'''

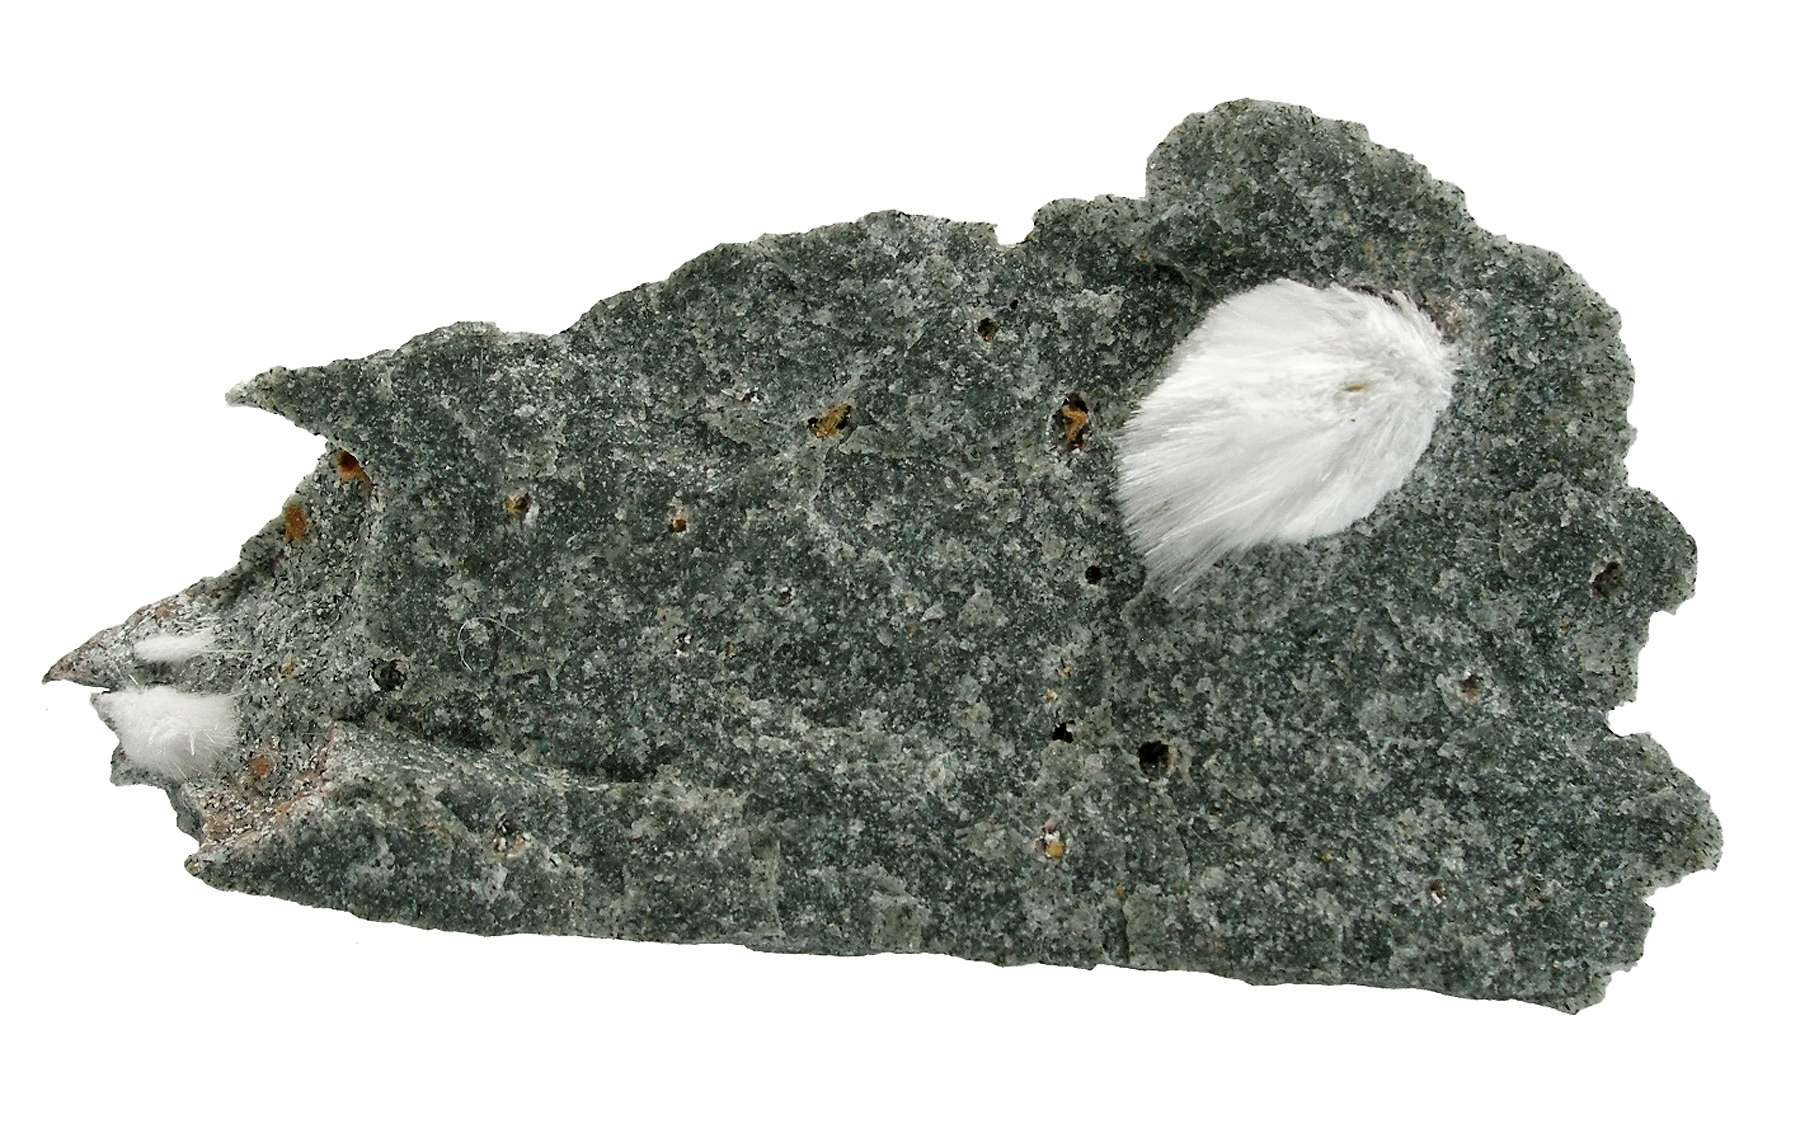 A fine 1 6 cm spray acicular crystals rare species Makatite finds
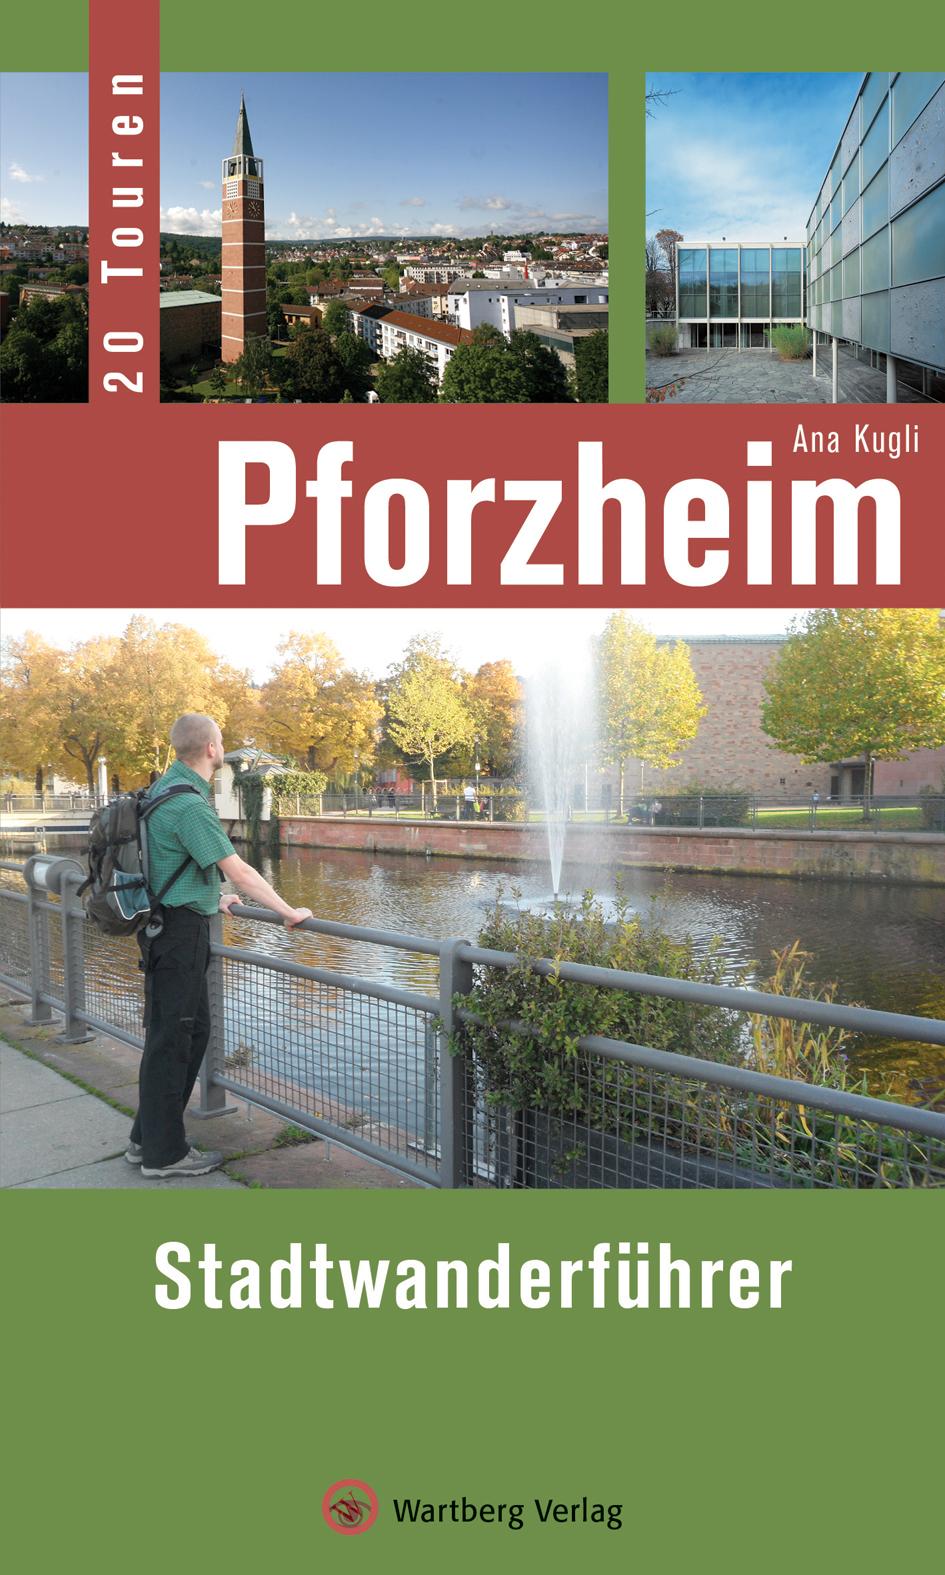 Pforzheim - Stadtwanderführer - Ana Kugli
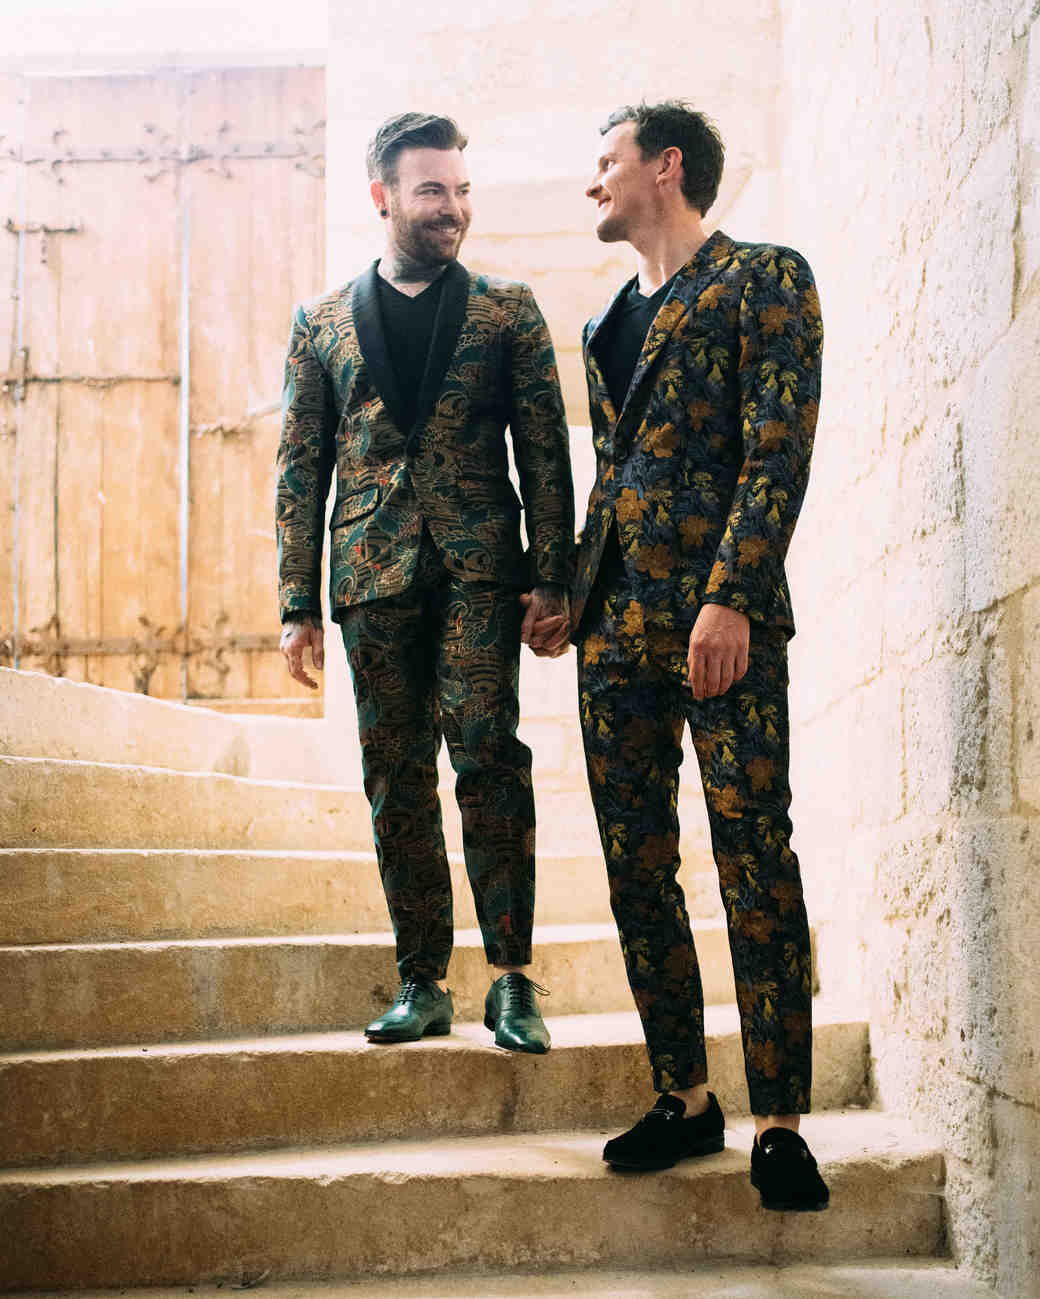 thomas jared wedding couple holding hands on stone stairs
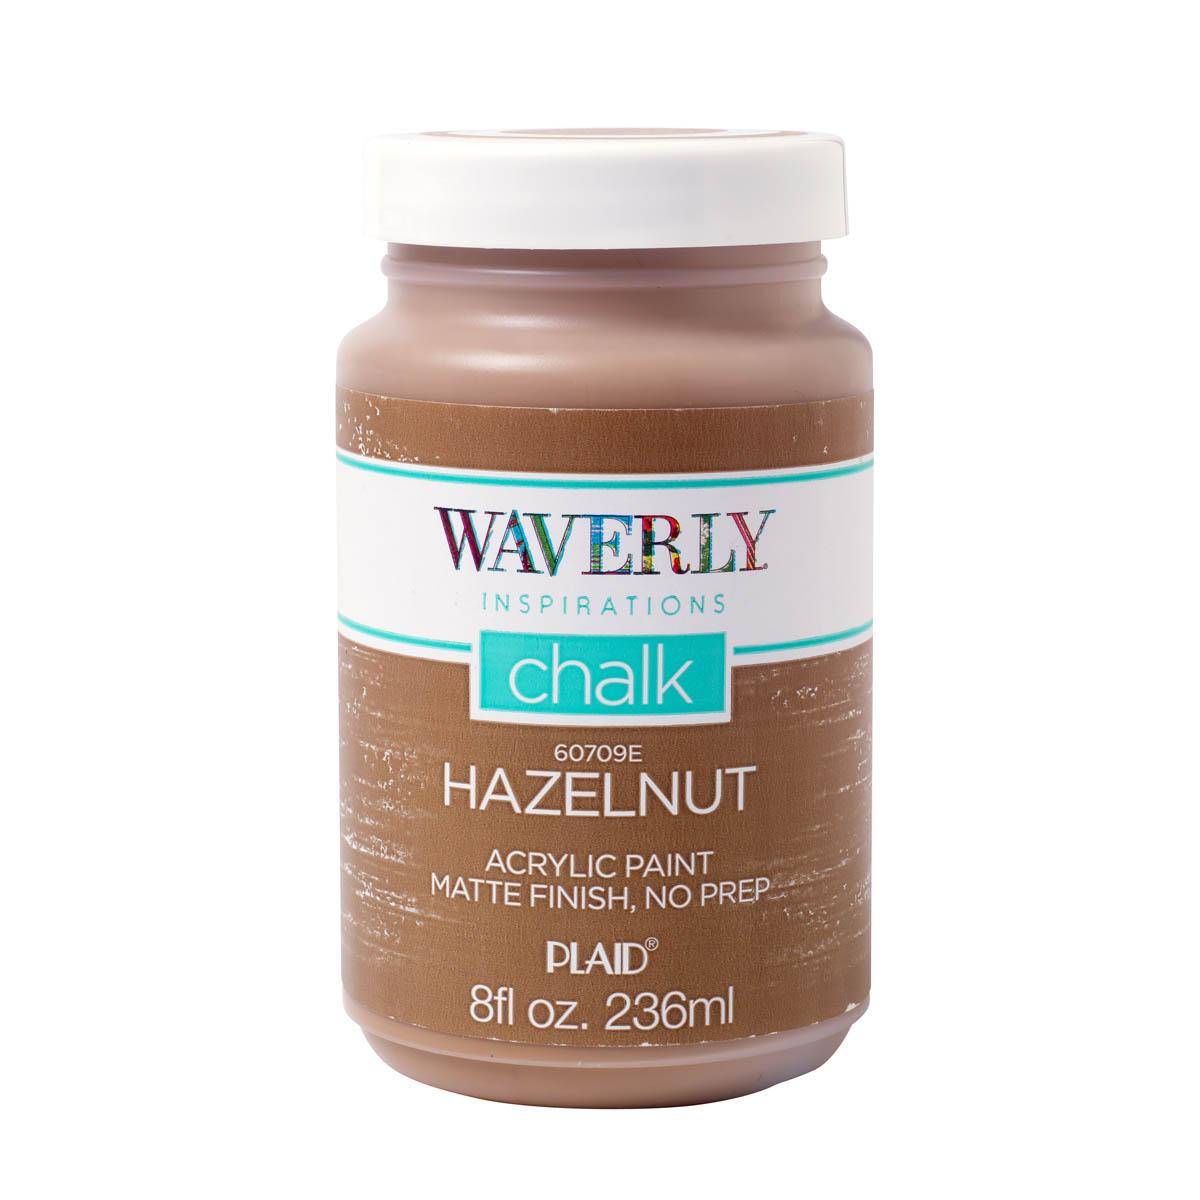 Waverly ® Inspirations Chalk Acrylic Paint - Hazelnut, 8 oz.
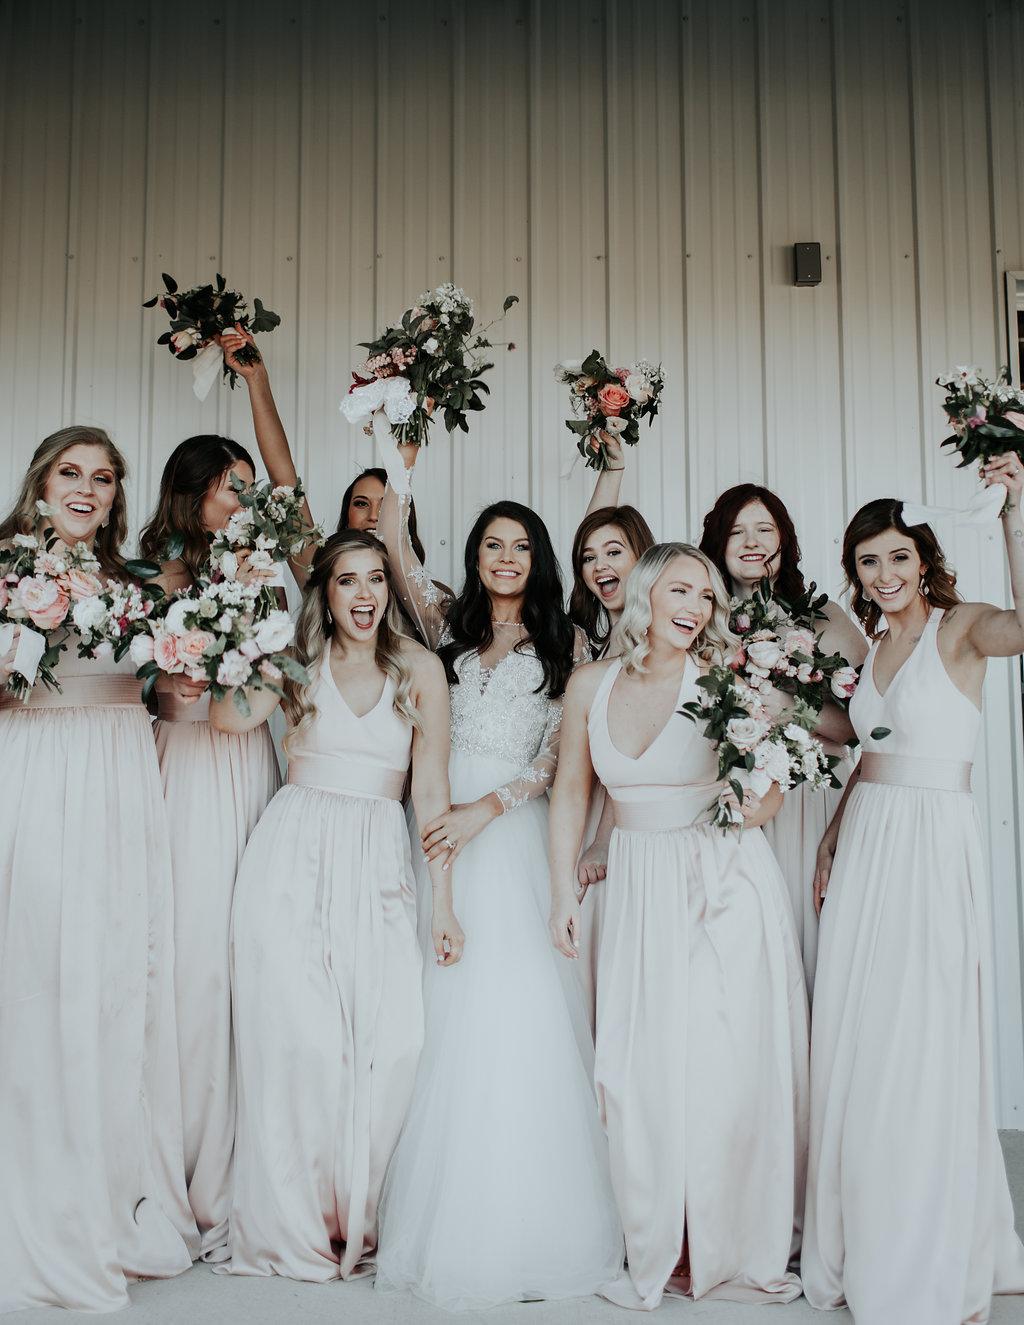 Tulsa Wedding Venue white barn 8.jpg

'''

(What the task requires) The entries are to be written out again exactly, though without any images.

(Problem solution)
 A fine 1 6 cm spray acicular crystals rare species Makatite finds
 Pforzheim - Stadtwanderführer - Ana Kugli
 thomas jared wedding couple holding hands on stone stairs
 Waverly ® Inspirations Chalk Acrylic Paint - Hazelnut, 8 oz.
 Tulsa Wedding Venue white barn 8.jpg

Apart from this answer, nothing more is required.